### INFORMATION SHOWN:
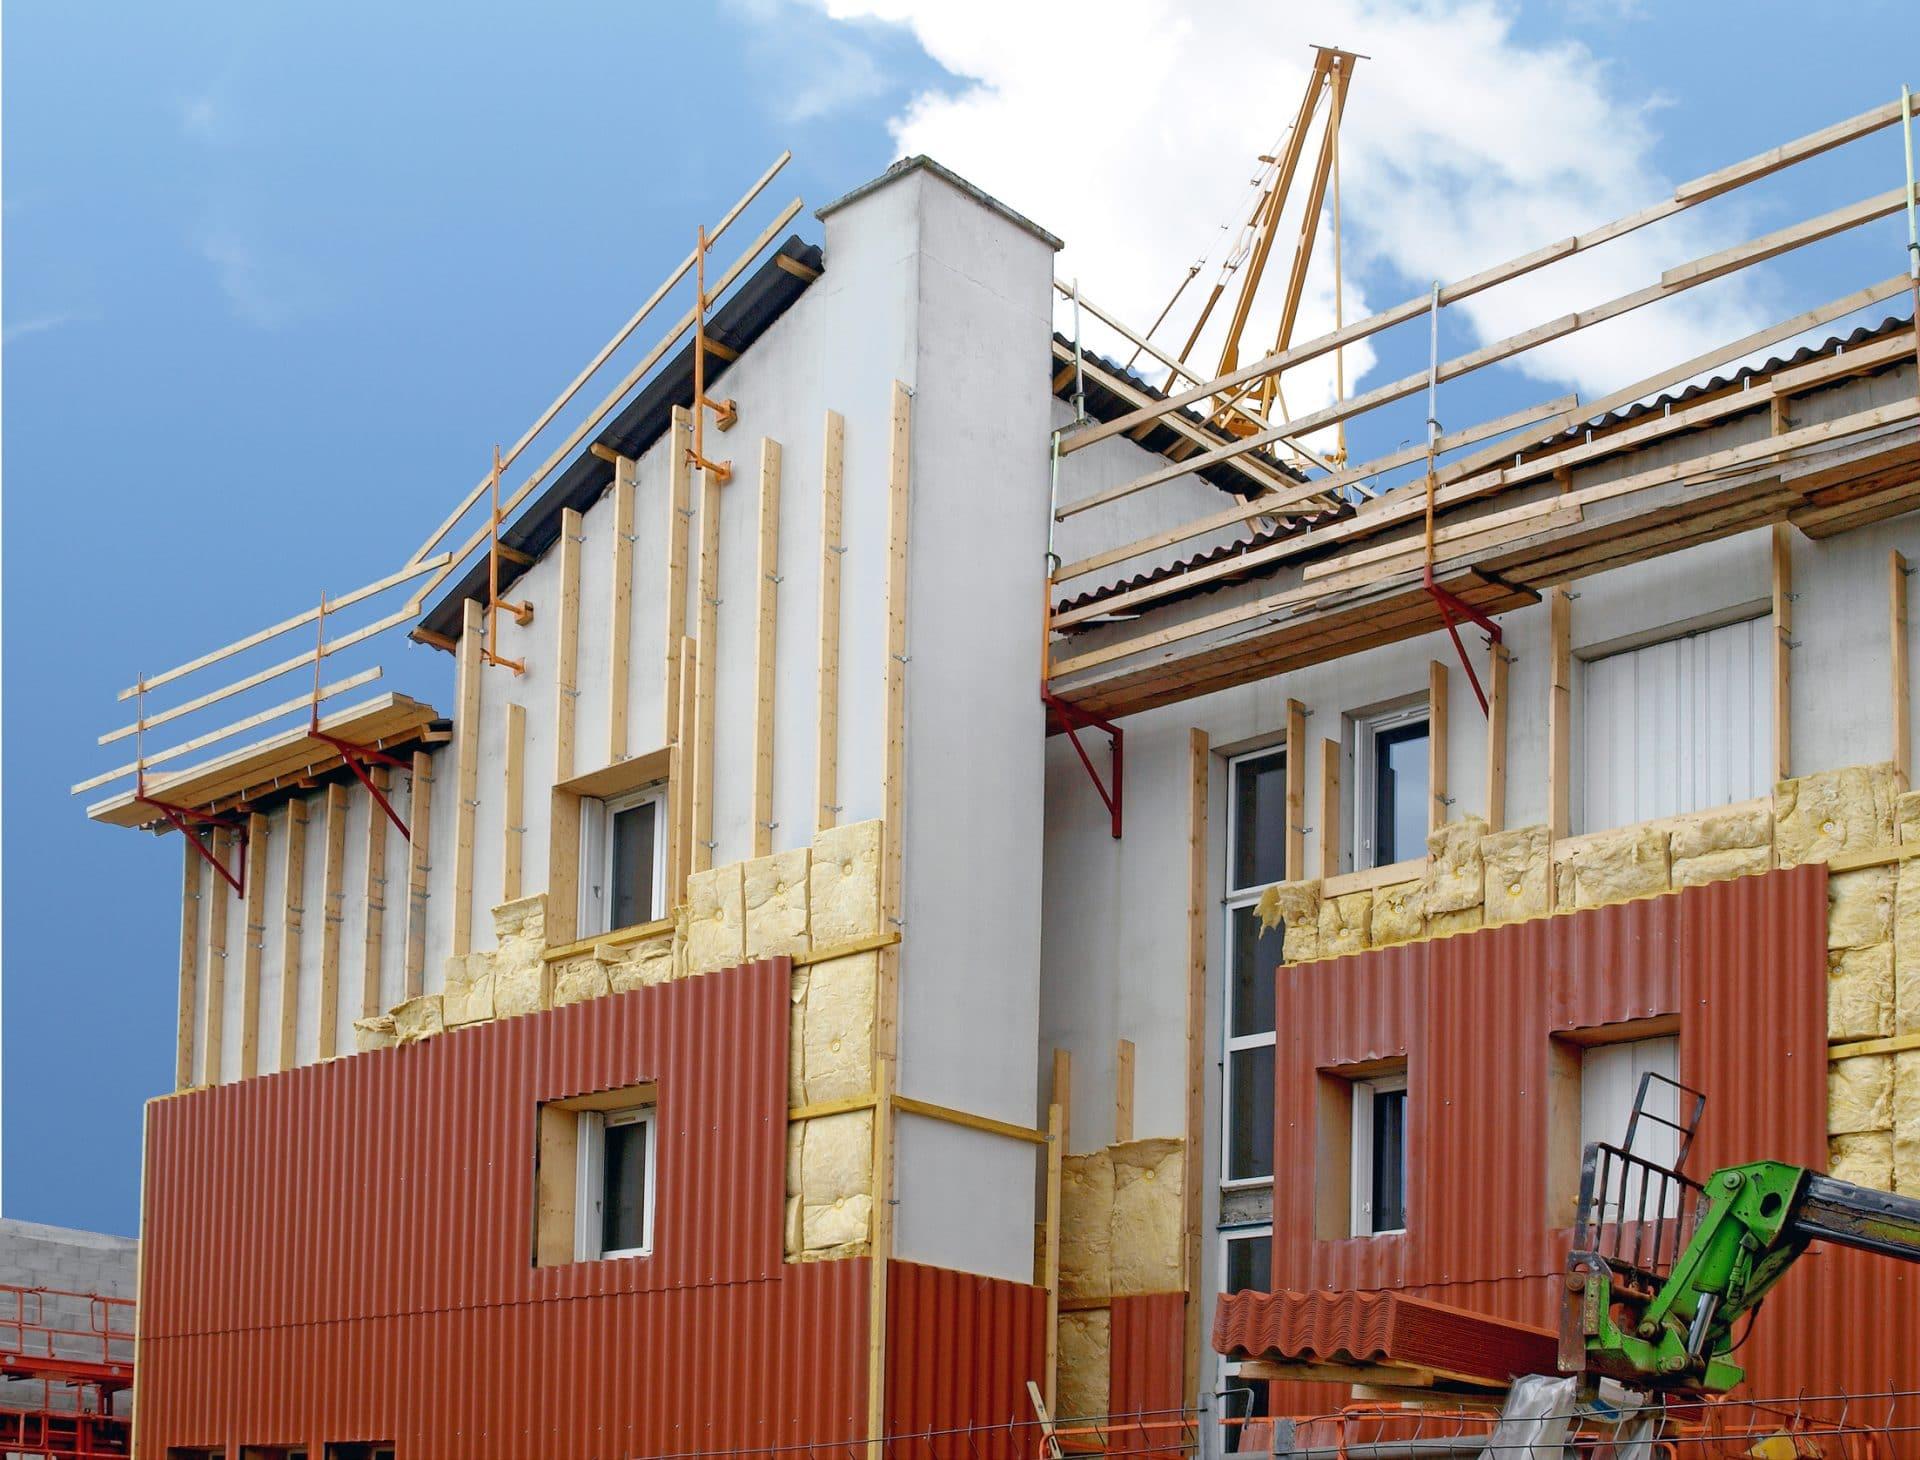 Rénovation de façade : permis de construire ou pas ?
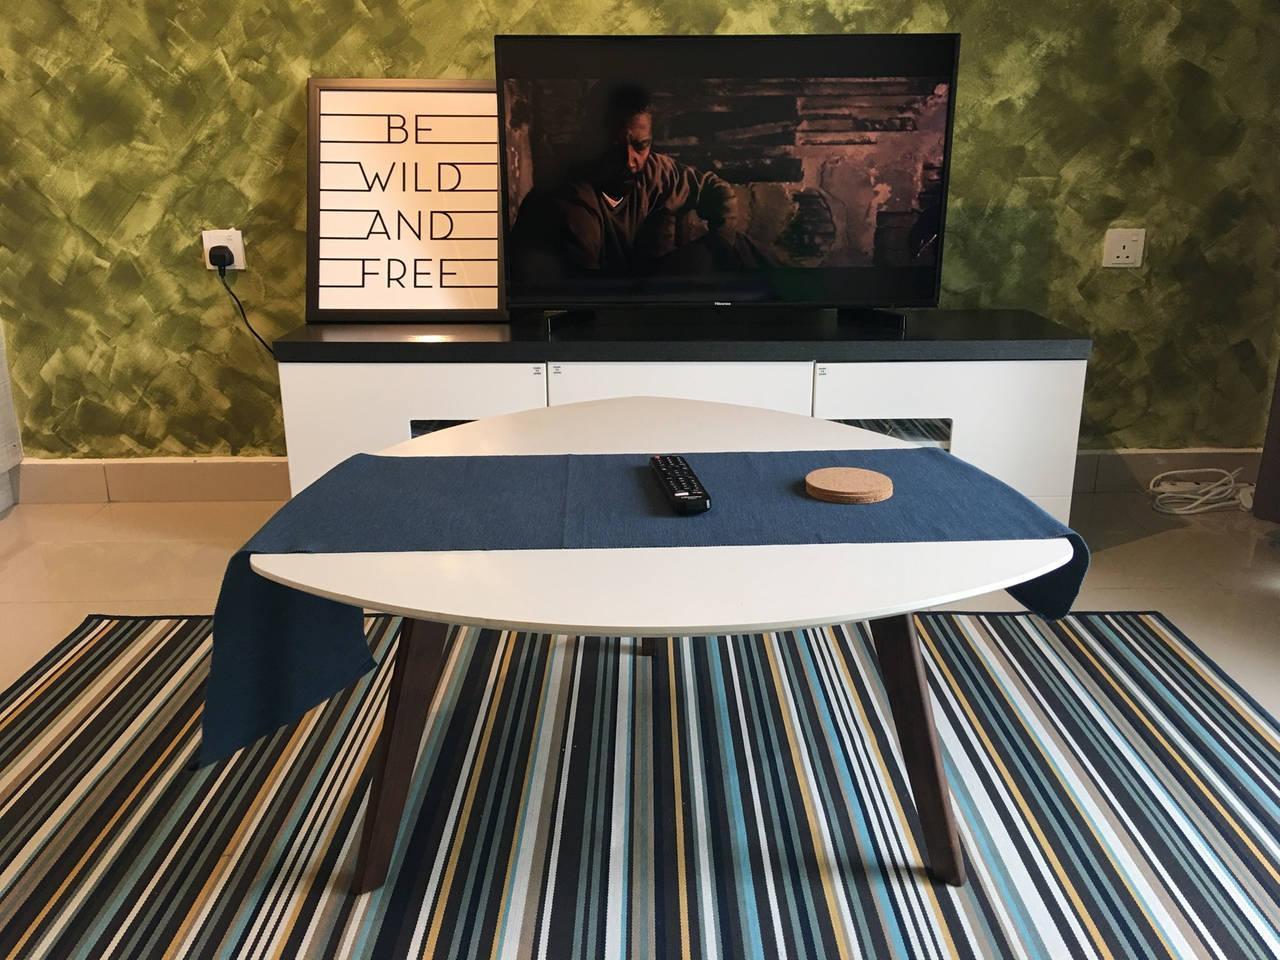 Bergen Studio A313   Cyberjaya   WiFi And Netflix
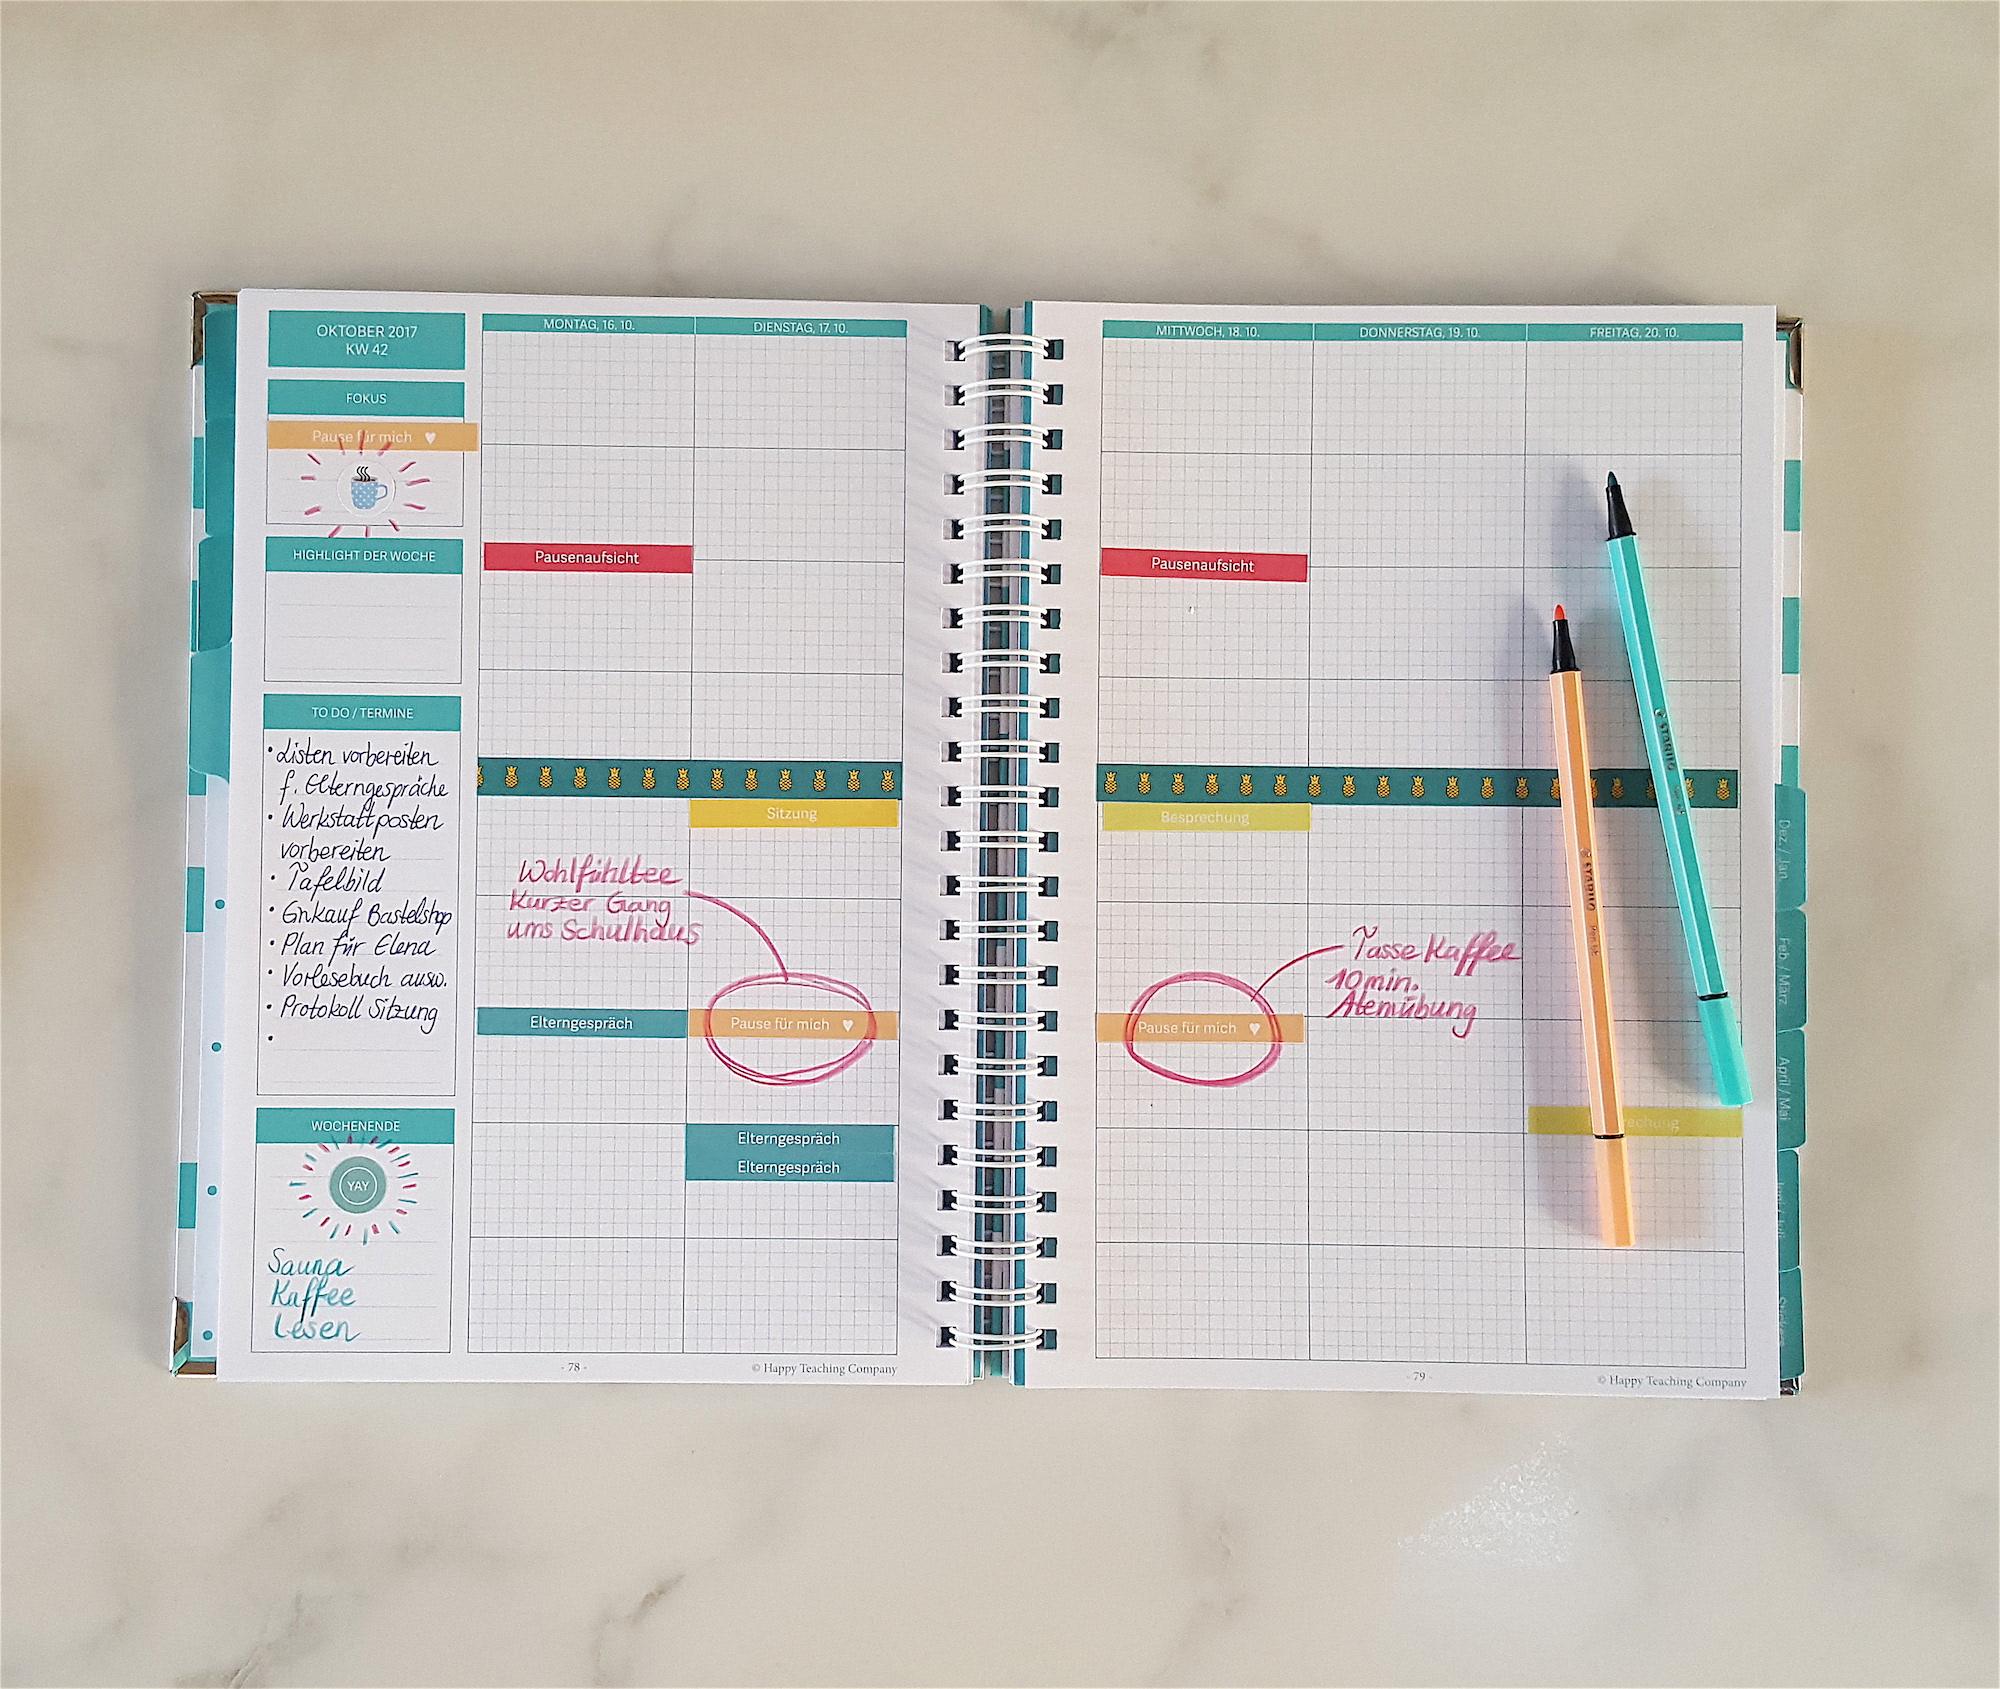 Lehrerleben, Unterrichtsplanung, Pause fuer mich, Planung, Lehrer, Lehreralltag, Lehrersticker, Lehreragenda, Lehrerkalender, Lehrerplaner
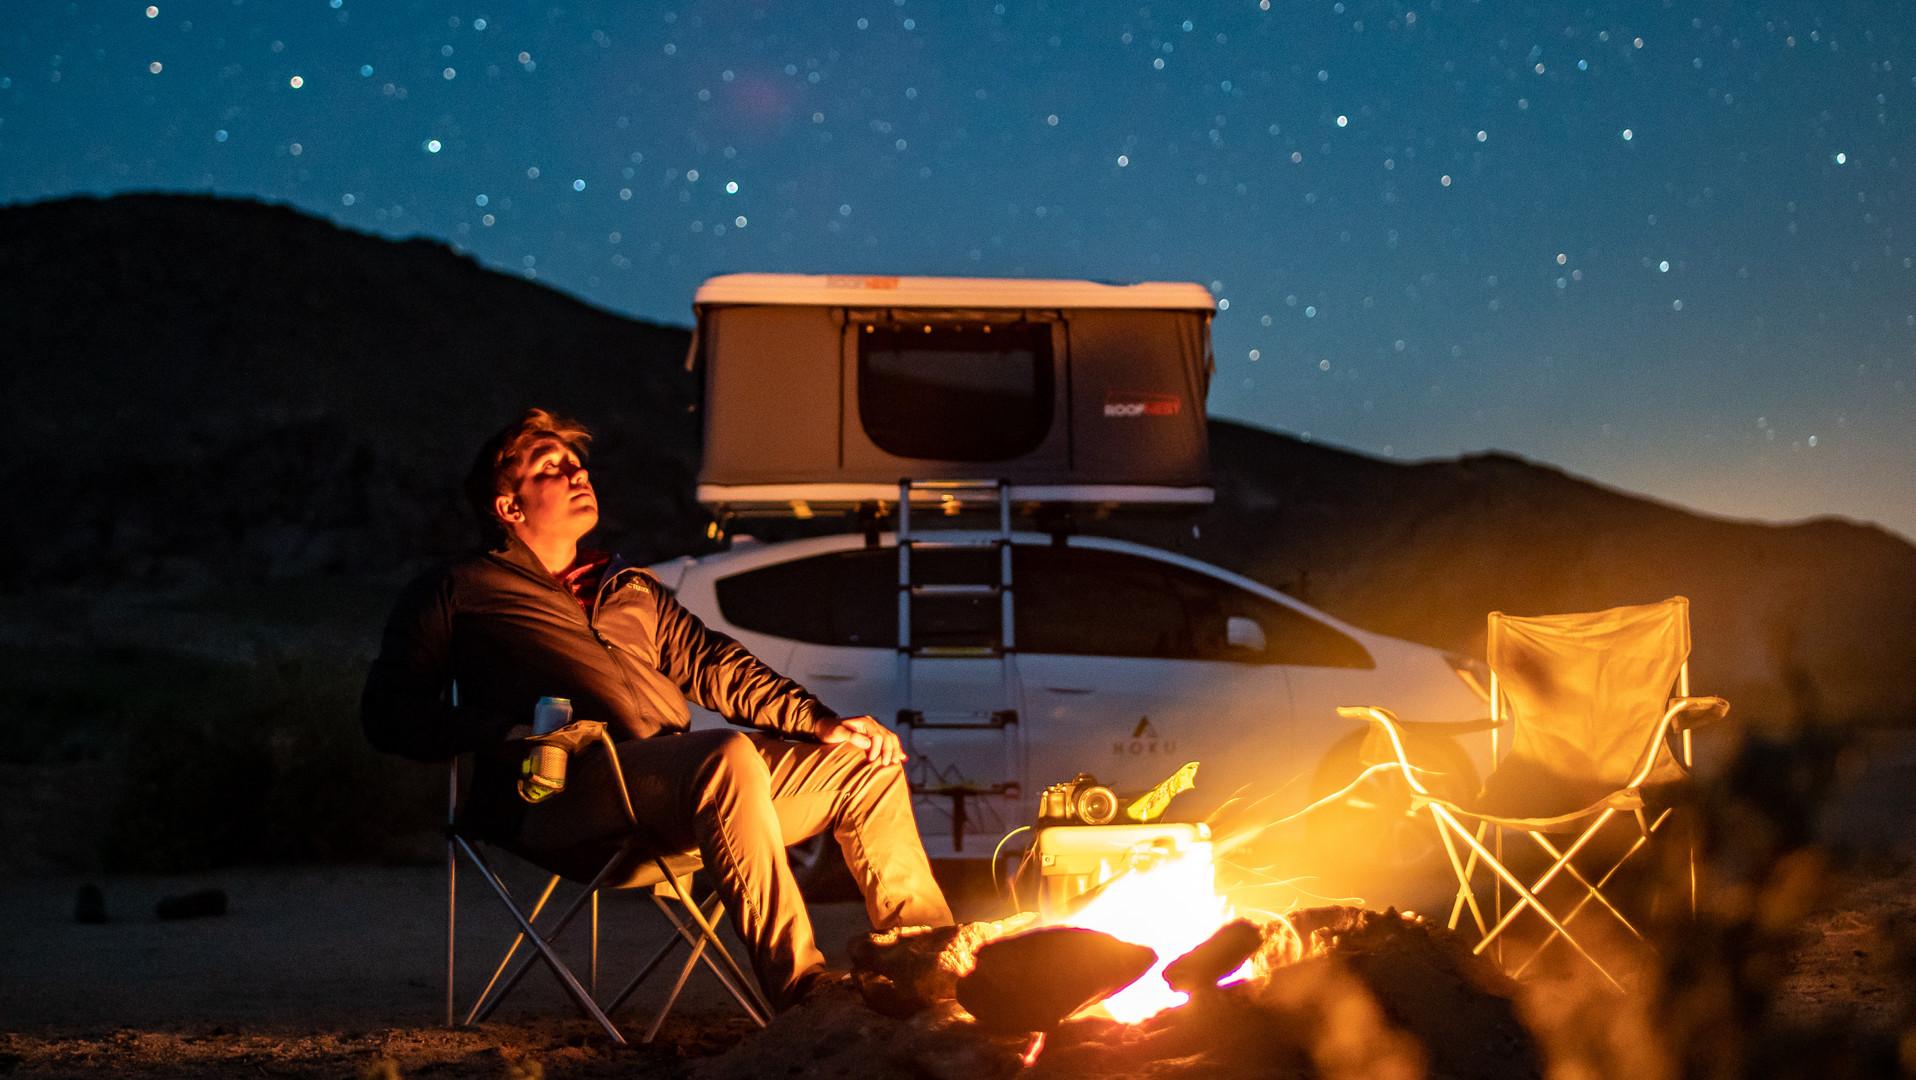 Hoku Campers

### DIRECTIONS:
Where a picture appears, omit it; otherwise reproduce each line above from the first to the one with "Lehrerleben, Unterrichtsplanung, Pause", inclusive.

### WRITTEN RESPONSE:
 Rénovation de façade : permis de construire ou pas ?
 Bergen Studio A313   Cyberjaya   WiFi And Netflix
 Lehrerleben, Unterrichtsplanung, Pause fuer mich, Planung, Lehrer, Lehreralltag, Lehrersticker, Lehreragenda, Lehrerkalender, Lehrerplaner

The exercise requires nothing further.